Re: PROBLEM: raid5 hangs

2007-11-14 Thread Justin Piszcz



On Wed, 14 Nov 2007, Peter Magnusson wrote:


On Wed, 14 Nov 2007, Justin Piszcz wrote:

This is a known bug in 2.6.23 and should be fixed in 2.6.23.2 if the RAID5 
bio* patches are applied.


Ok, good to know.
Do you know when it first appeared because it existed in linux-2.6.22.3 
also...?




I am unsure, I and others started noticing it in 2.6.23 mainly; again, not 
sure, will let others answer this one.


Justin.
-
To unsubscribe from this list: send the line unsubscribe linux-raid in
the body of a message to [EMAIL PROTECTED]
More majordomo info at  http://vger.kernel.org/majordomo-info.html


Re: PROBLEM: raid5 hangs

2007-11-14 Thread Bill Davidsen

Justin Piszcz wrote:
This is a known bug in 2.6.23 and should be fixed in 2.6.23.2 if the 
RAID5 bio* patches are applied.


Note below he's running 2.6.22.3 which doesn't have the bug unless 
-STABLE added it. So should not really be in 2.6.22.anything. I assume 
you're talking the endless write or bio issue?


Justin.

On Wed, 14 Nov 2007, Peter Magnusson wrote:


Hey.

[1.] One line summary of the problem:

raid5 hangs and use 100% cpu

[2.] Full description of the problem/report:

I have used 2.6.18 for 284 days or something until my powersupply 
died, no problem what so ever duing that time. After that forced 
reboot I did these changes; Put in 2 GB more memory so I have 3 GB 
instead of 1 GB, two disks in the raid5 got badblocks so I didnt 
trust them anymore so I bought new disks (I managed to save the 
raid5). I have 6x300 GB in a raid5. Two of them are now 320 GB so 
created a small raid1 also. That raid5 is encrypted with 
aes-cbc-plain. The raid1 is encrypted with aes-cbc-essiv:sha256.
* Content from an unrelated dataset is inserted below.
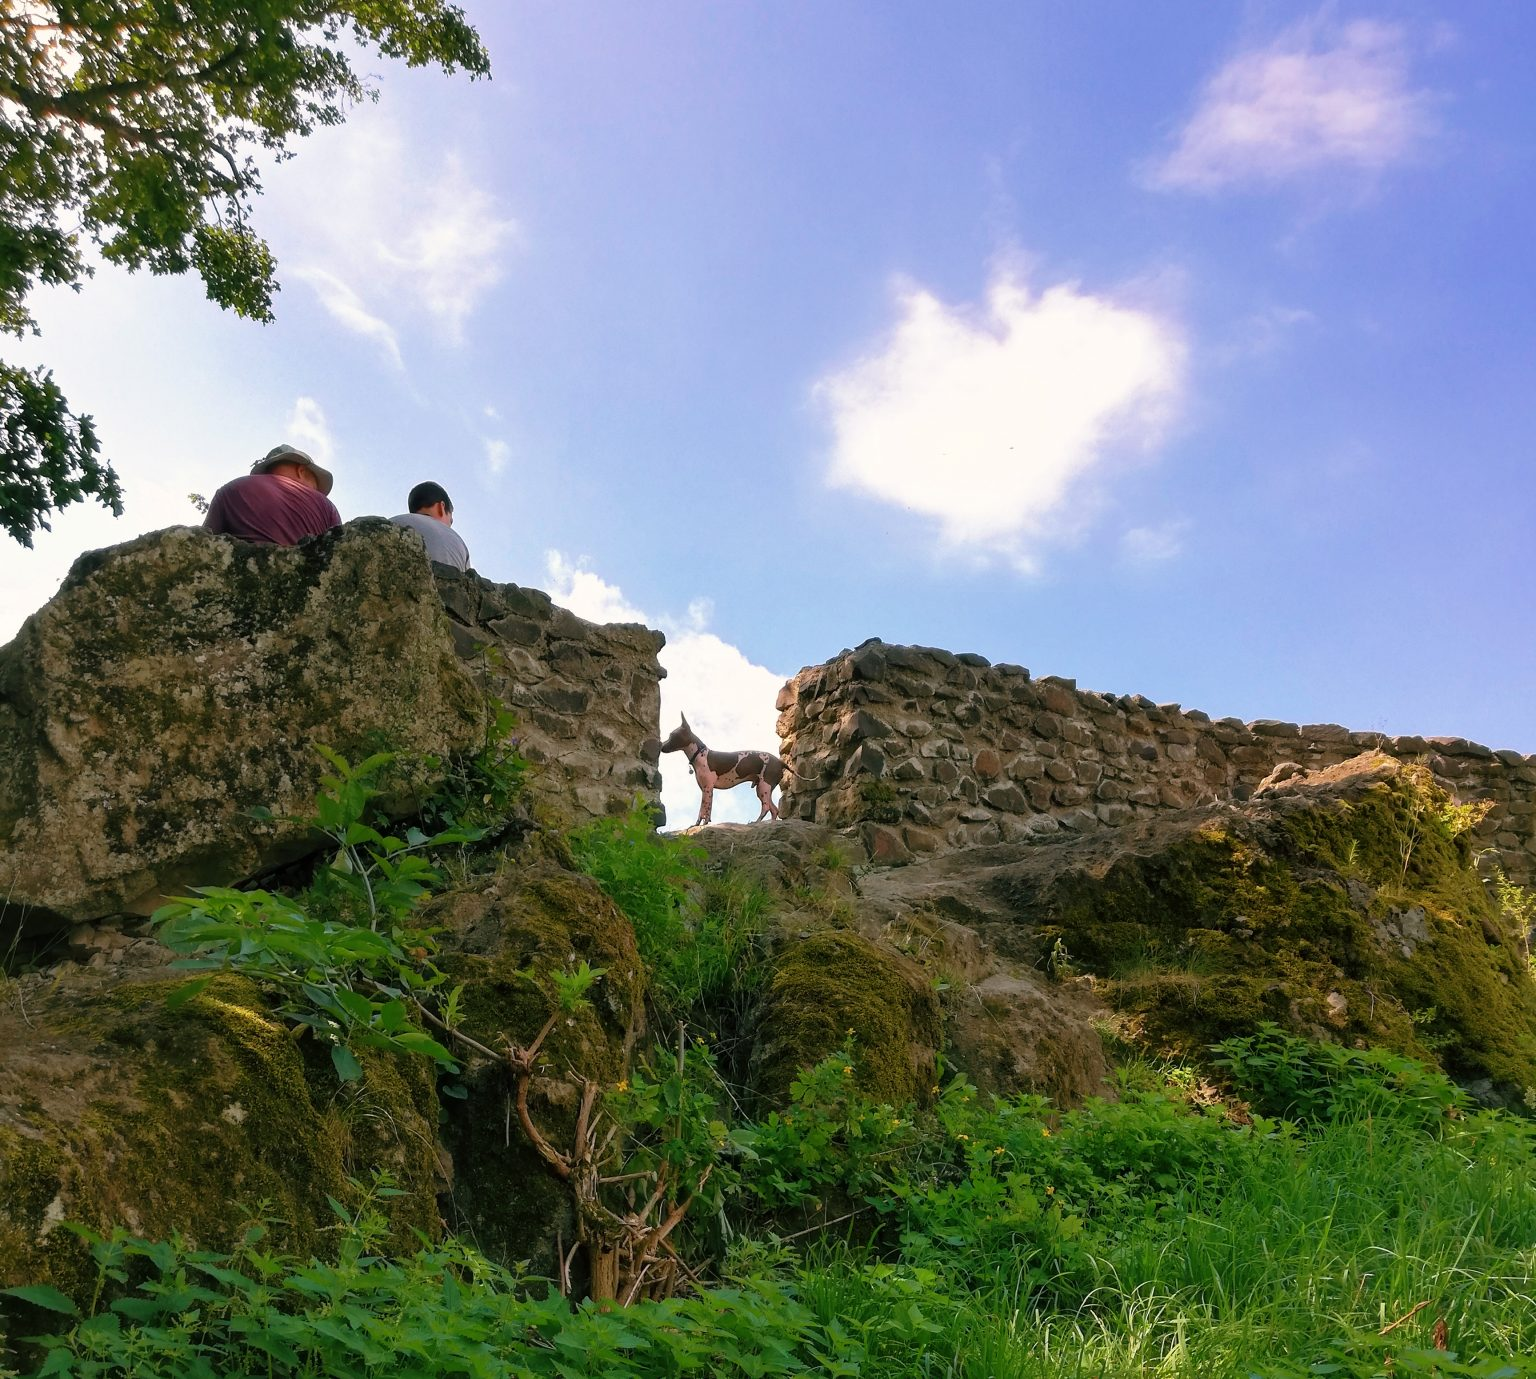 Felmásztunk a zöldellő hegyek között magasodó Drégely várához

I compiled linux-2.6.22.3 and started to use that. I used the same 
.config
as in default FC5, I think i just selected P4 cpu and preemptive 
kernel type.


After 11 or 12 days the computer froze, I wasnt home when it happend and
couldnt fix it for like 3 days. It was just to reboot it as it wasnt 
possible to login remotely or on console. It did respond to ping 
however.

After reboot it rebuilded the raid5.

Then it happend again after approx the same time, 11 or 12 days. I 
noticed

that the process md1_raid5 used 100% cpu all the time. After reboot it
rebuilded the raid5.

I compiled linux-2.6.23.

And then... it happend again... After about the same time as before.
md1_raid5 used 100% cpu. I also noticed that I wasnt able to save
anything in my homedir, it froze during save. I could read from it 
however. My homedir isnt on raid5 but its encrypted. Its not on any 
disk that has to do with raid. This problem didnt happend when I used 
2.6.18. Currently I use 2.6.18 as I kinda need the computer stable.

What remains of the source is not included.